Suppose they don't receive a satisfactory response from the business. In that case, users also have the option to file a complaint against a "data fiduciary" with the Data Protection Board under the Bill.

Photo by Tingey Injury Law Firm / Unsplash

Cross-border data transfer

The note states that although the Bill permits the cross-border storage and transfer of data to specific notified nations and territories, such notification would only take effect once the Central Government has evaluated all pertinent considerations.

Financial Penalties

The draft calls for stiff penalties on companies that experience data breaches or fail to notify customers when they do, as well as a fine of up to Rs 250 crore for those who don't implement reasonable security measures to prevent breaches of personal data.

According to the number of users and the volume of personal data an entity processes, the government may exempt some companies from adhering to Bill's provisions. This has been done to consider the concerns of the nation's startups, who complained that the previous version of the Bill required too much compliance.

Organizations that fail to protect children's privacy will face similar punishment. The new Bill maintains national security-related exemptions. The Center is empowered to announce such exemptions in the interest of India's sovereignty and integrity, state security, friendly relations with foreign states, maintaining public order, or preventing invitation to any cognizable offense related to any of these.

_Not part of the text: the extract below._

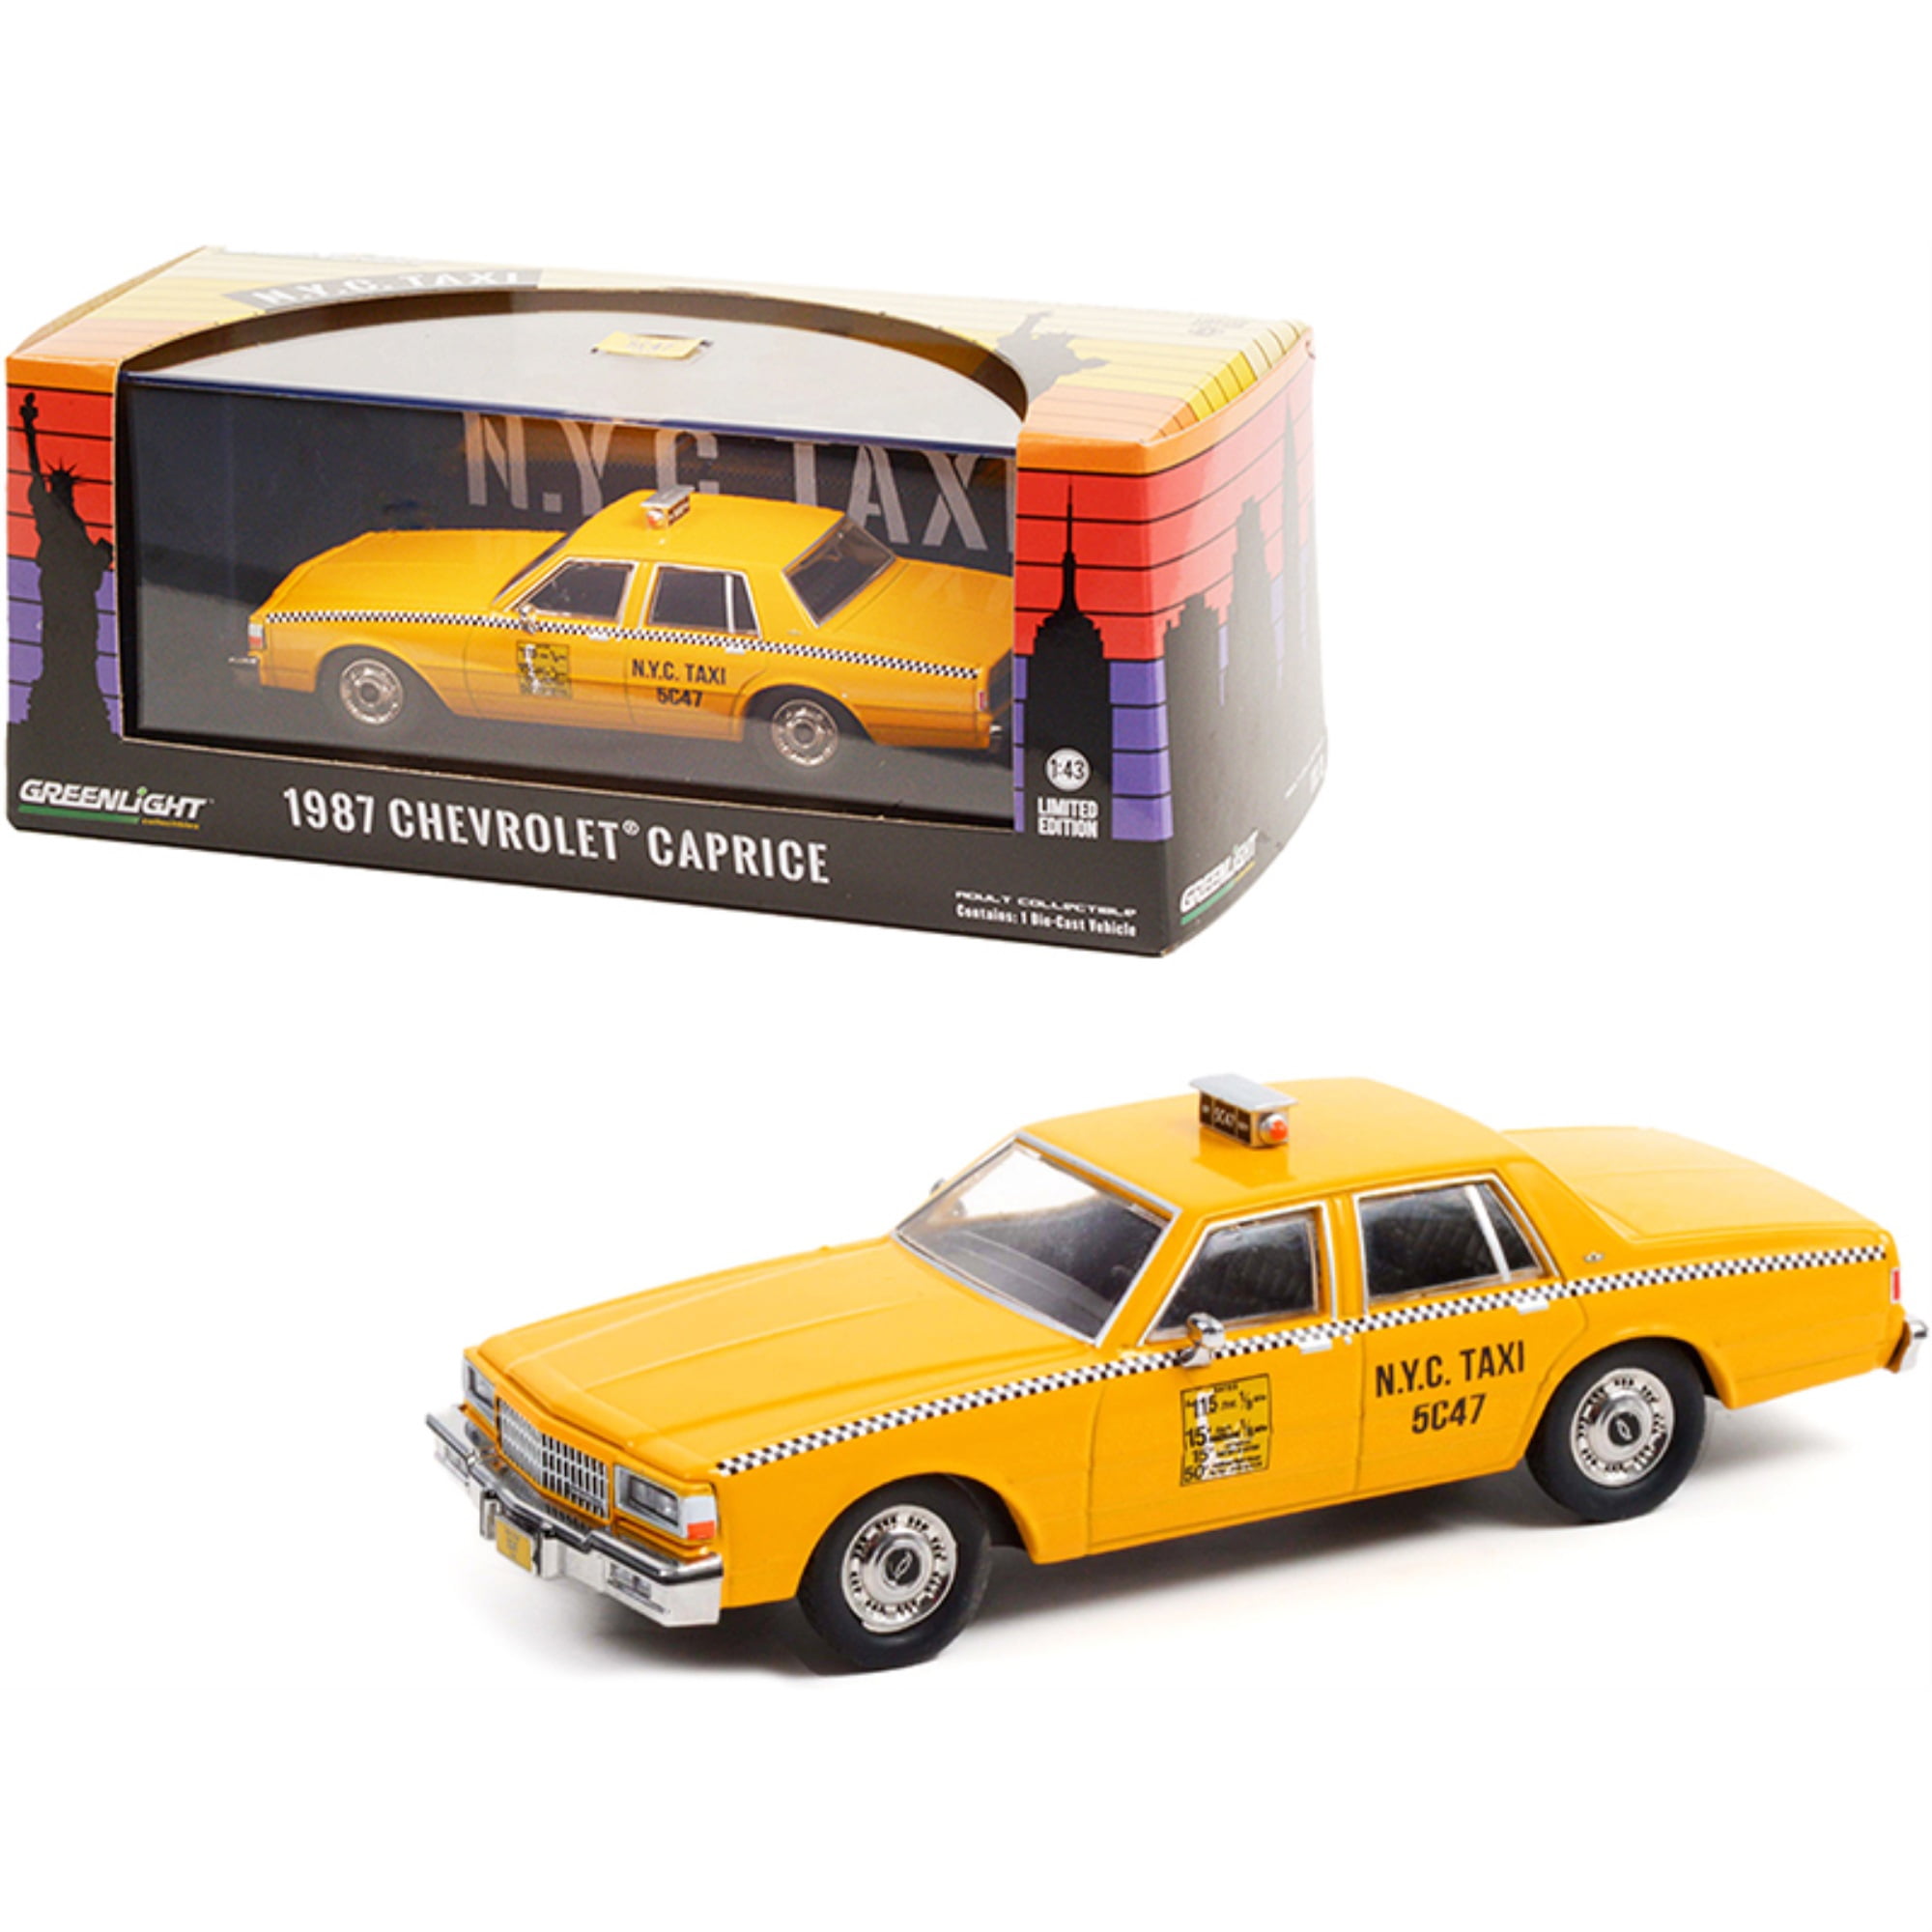 86611 1-43 Scale 1987 Chevrolet Caprice N.Y.C. Taxi Diecast Model Car, Yellow -  GreenLight

The government may also exempt some businesses from Bill's provisions based on the number of uses and volume of personal data processed by the entity. The Bill also proposes the establishment of a data protection board to ensure that the previously mentioned legislation is followed.

Source: The Digital Personal Data Protection Bill, 2022.pdf (8)

The draft Bill only said that the board would be "digital by design" but provided no further information regarding its composition. The new Bill is open for public opinion until December 17 and is anticipated to be introduced during Parliament's budget session the following year.